DATA SEGMENT:
--------

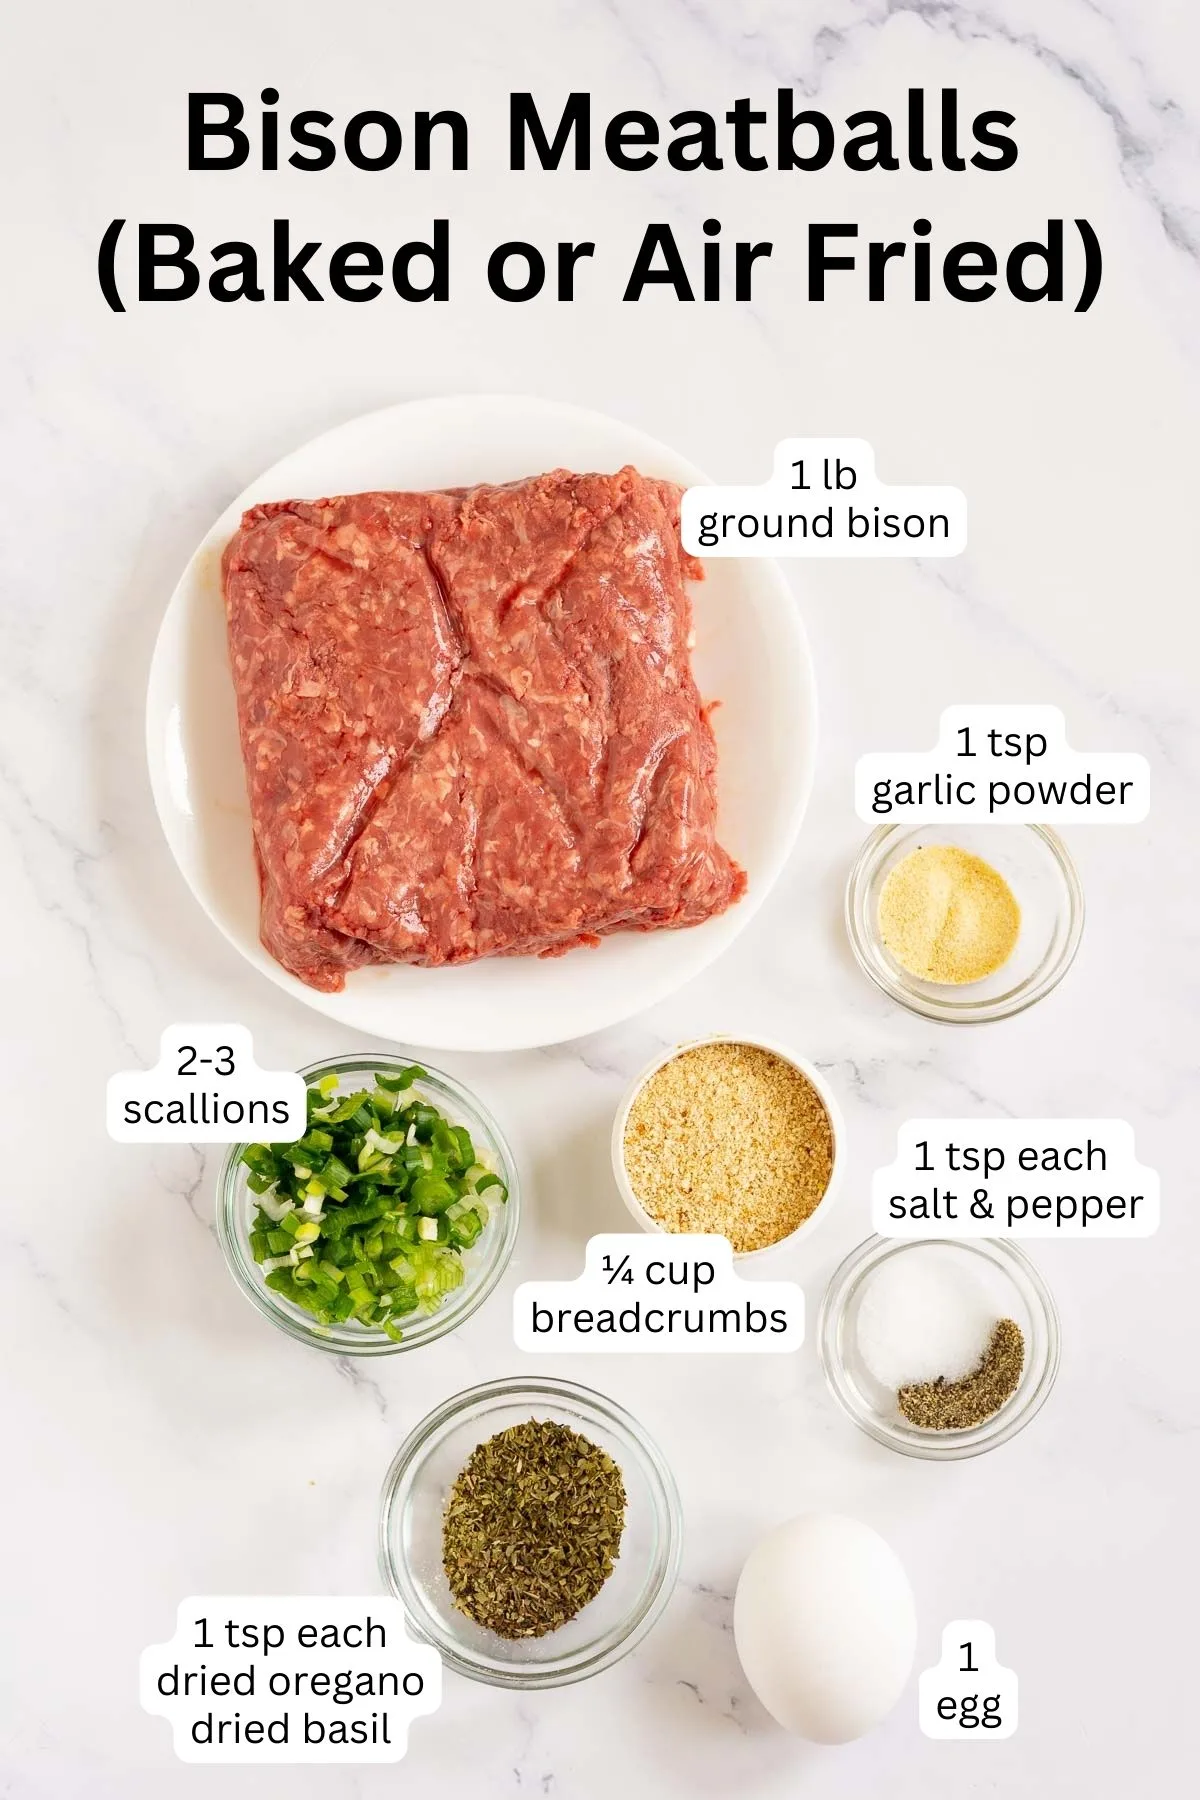 Ingredients for bison meatballs
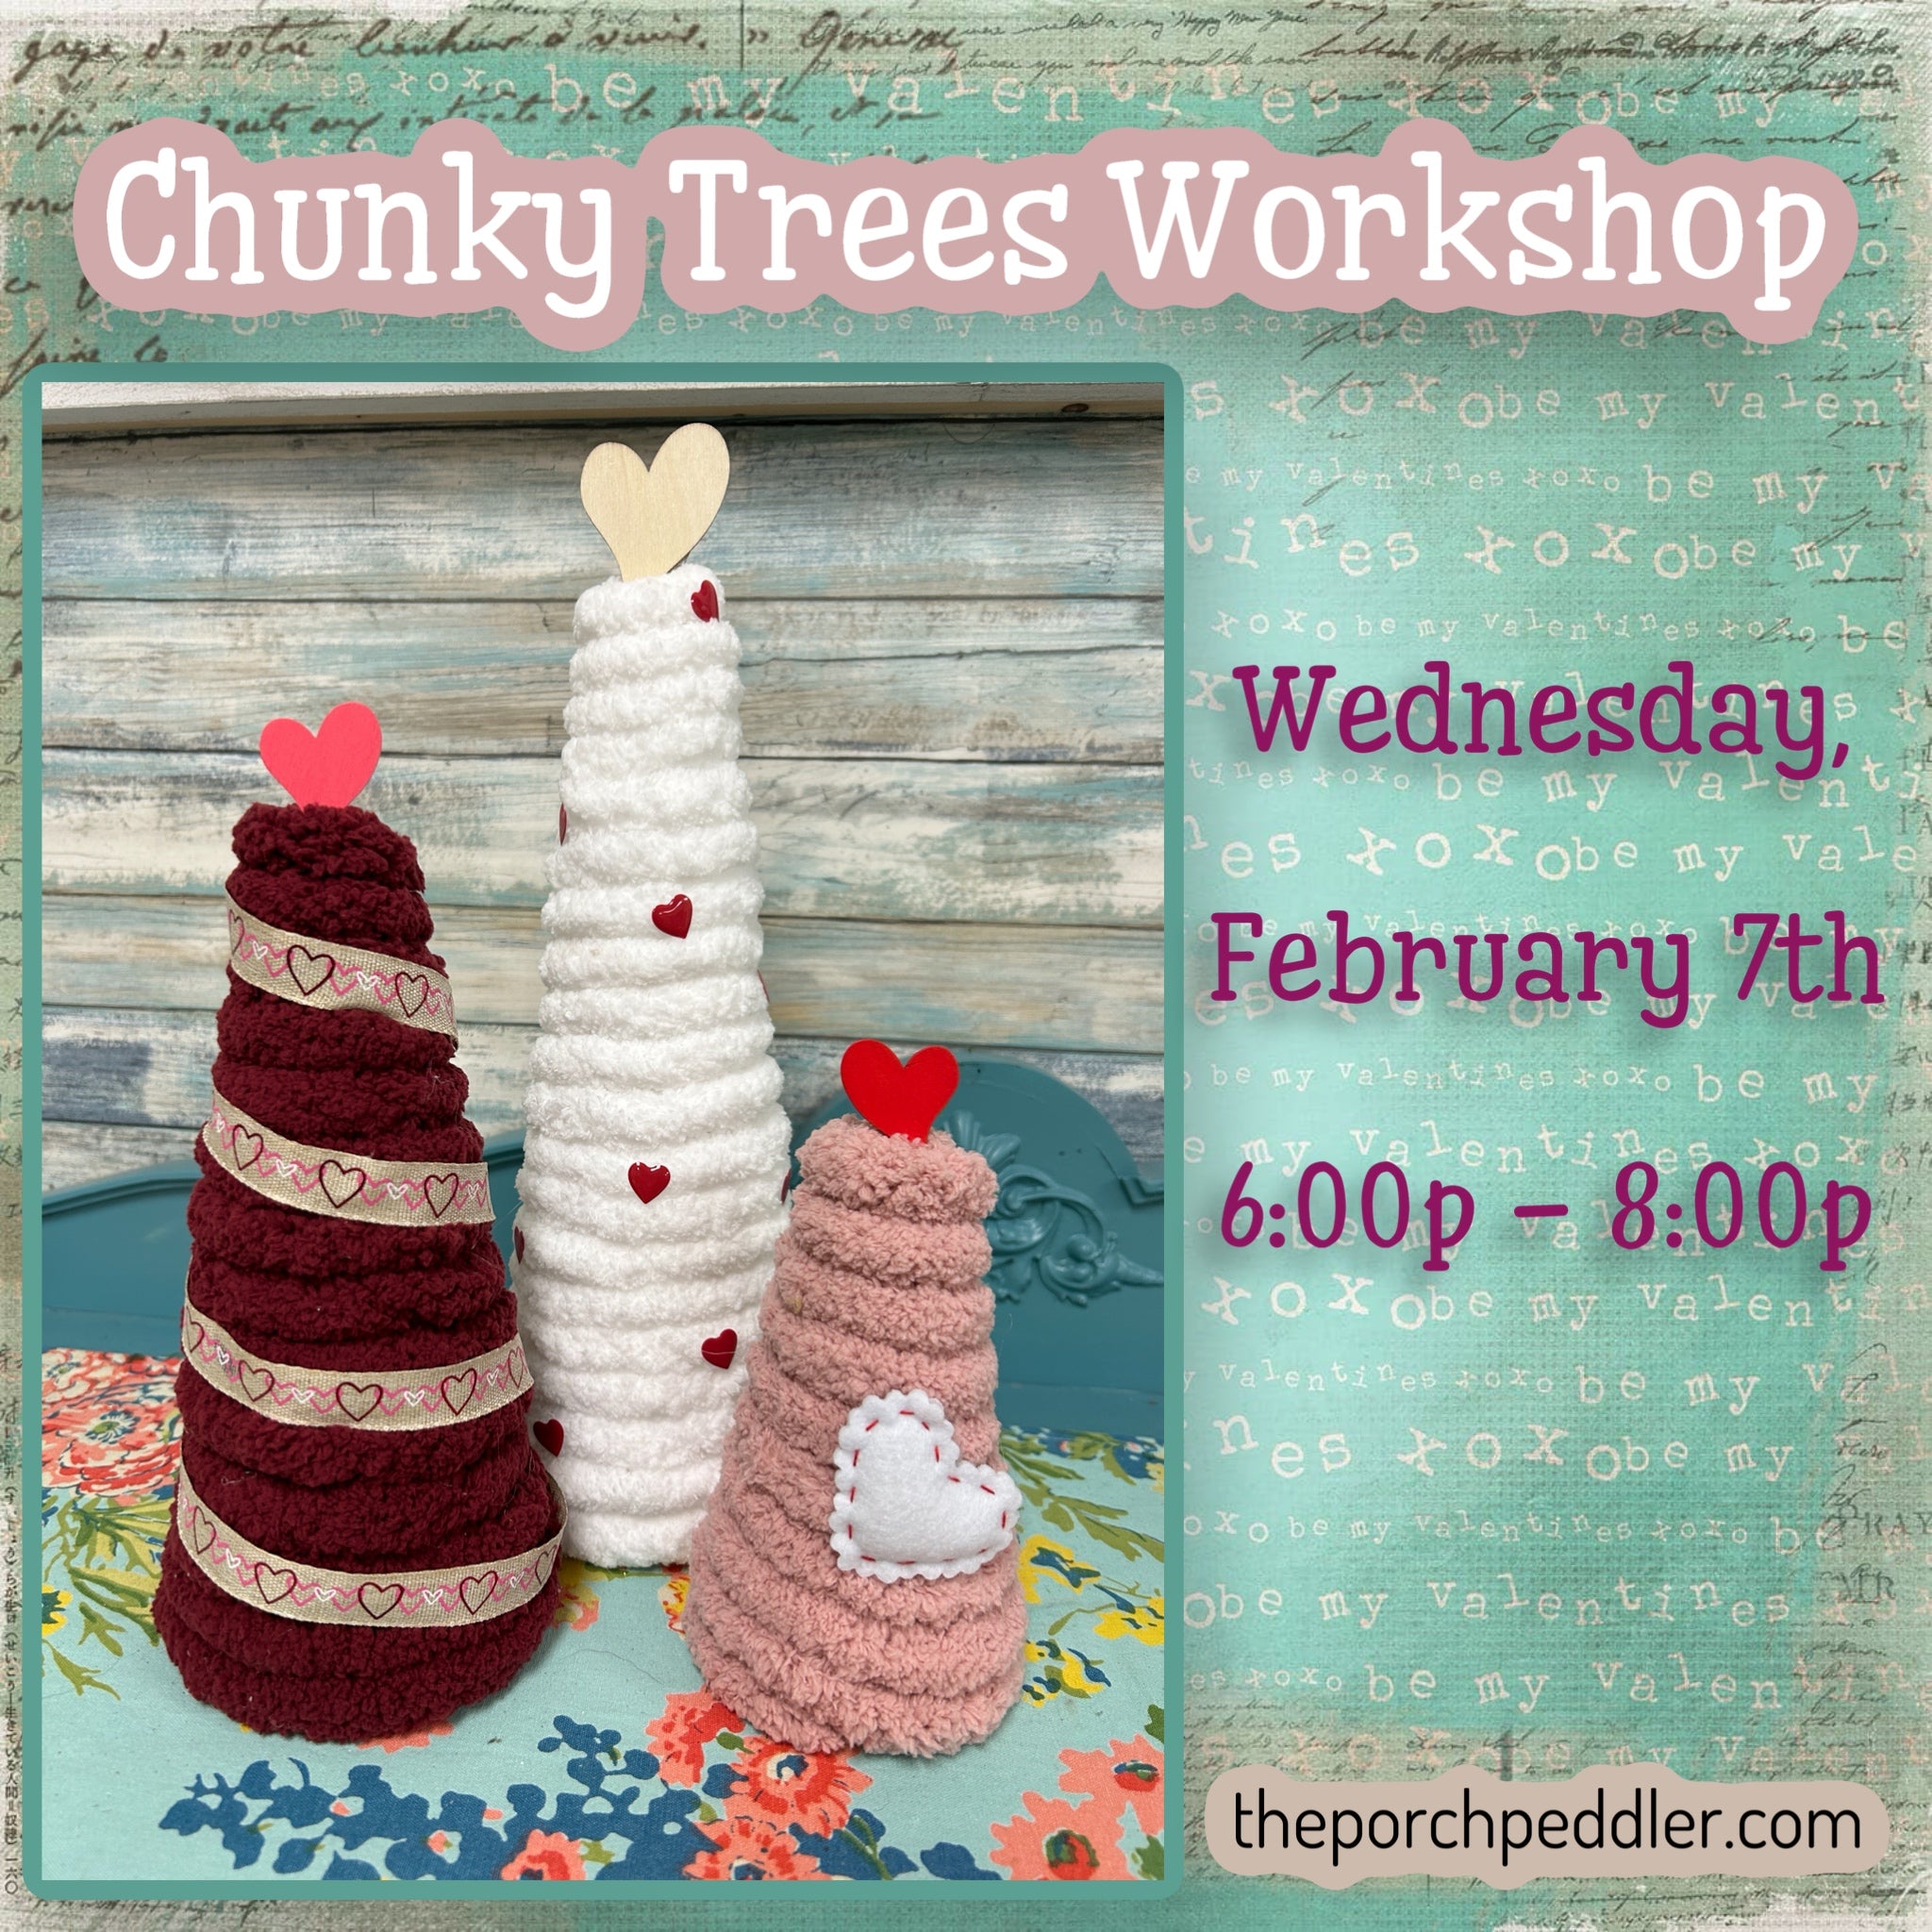 February 7th - Chunky Trees Workshop (6p-8p)
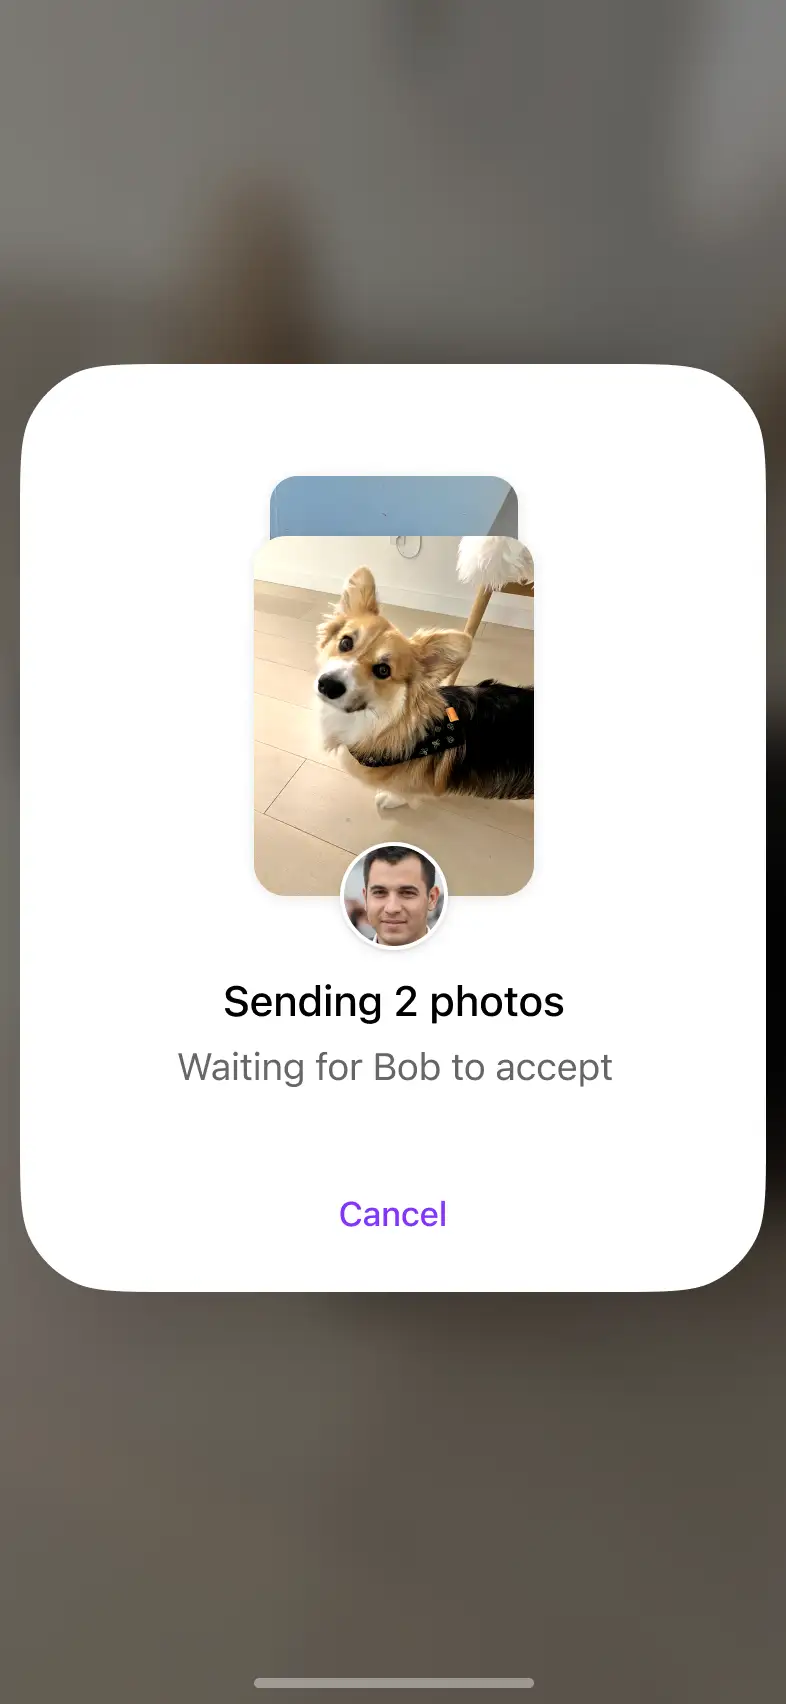 An iPhone showing: 'Sending 2 photos to Bob'
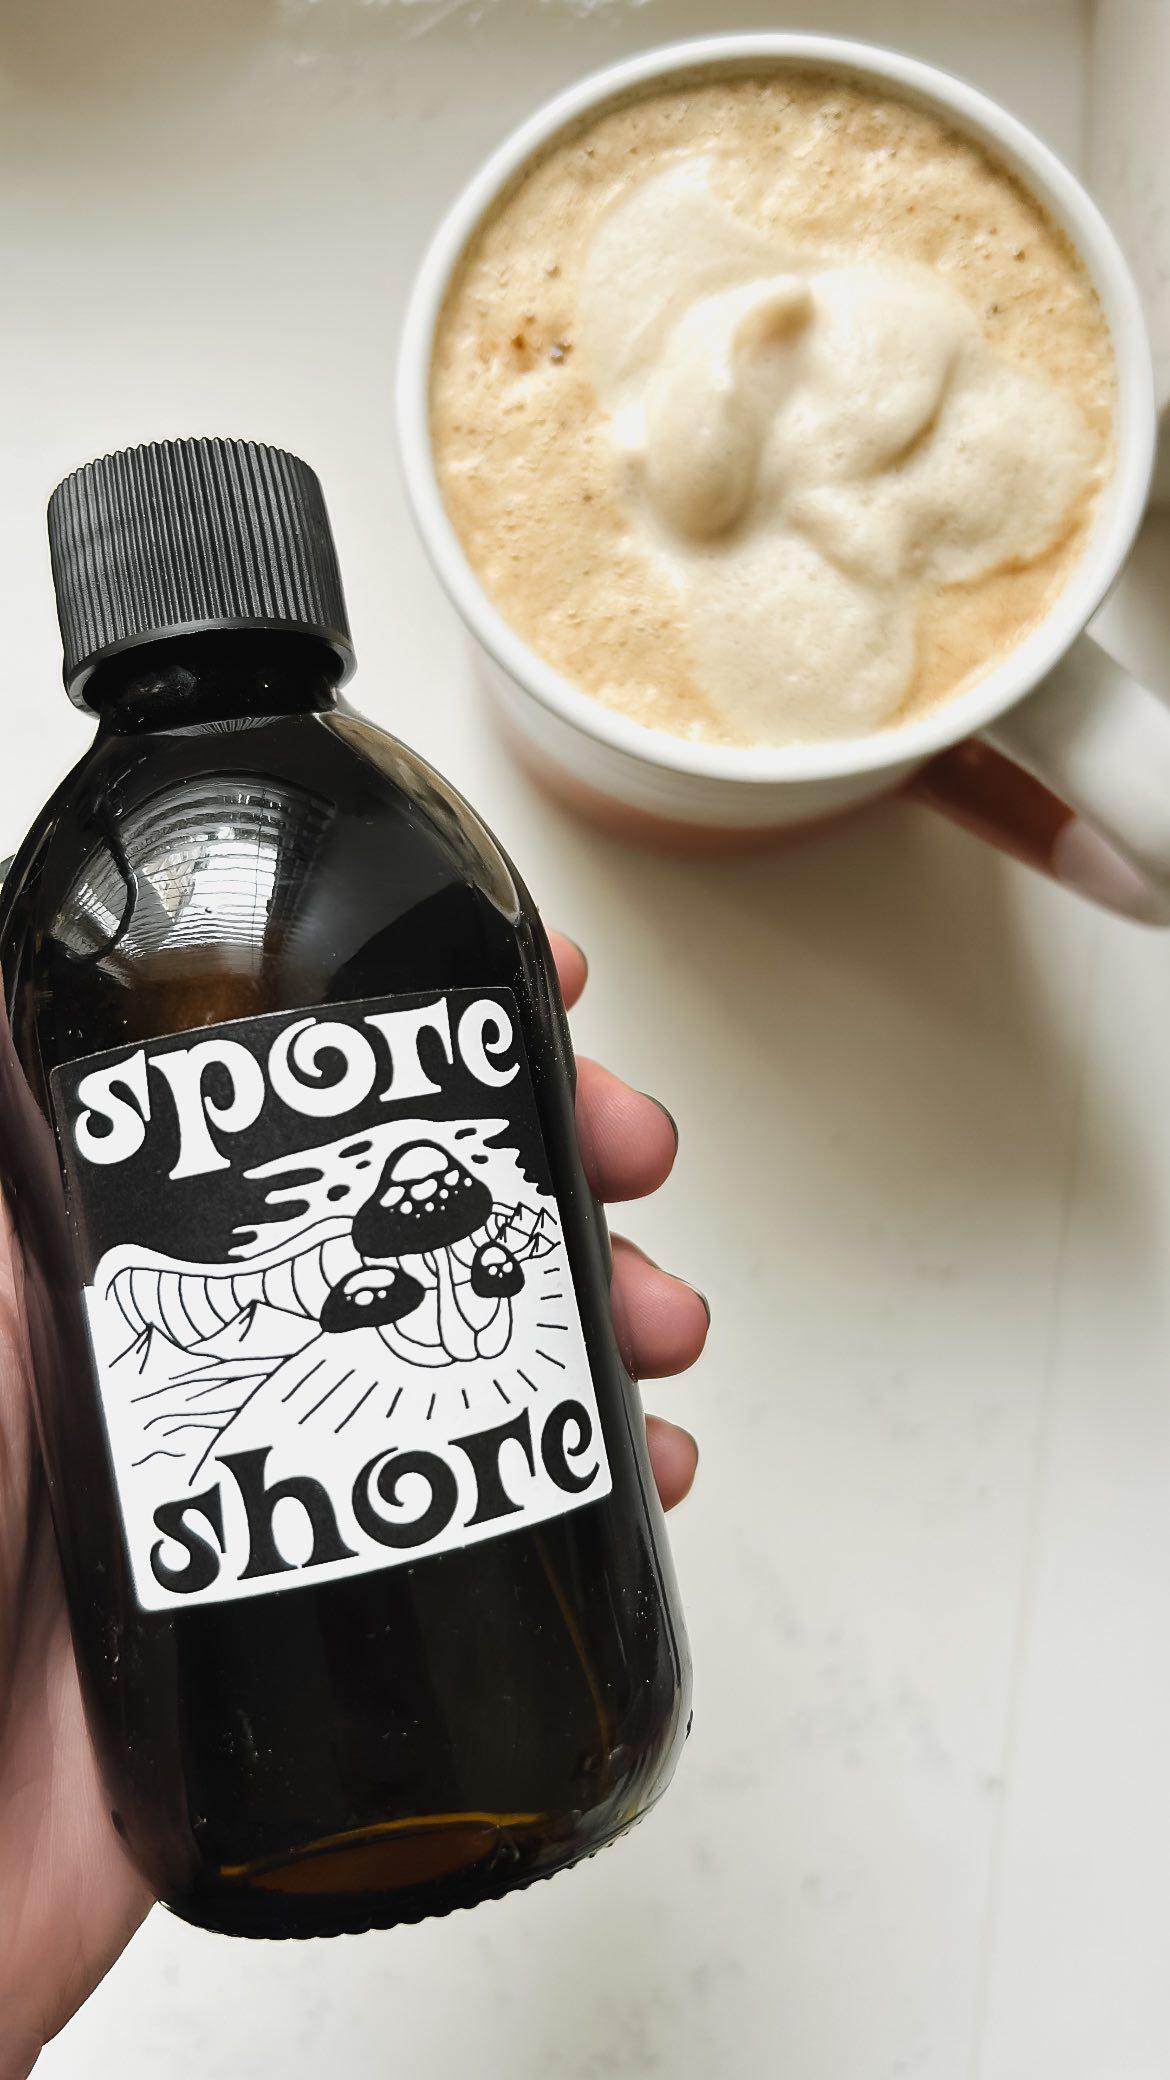 SporeShore Shroom Juice

--------

REQUIRED ACTION:
In your answer, give every line of the listing above exactly, and do not include the images.

TASK RESULT:
 Ingredients for bison meatballs
 February 7th - Chunky Trees Workshop (6p-8p)
 An iPhone showing: 'Sending 2 photos to Bob'
 SporeShore Shroom Juice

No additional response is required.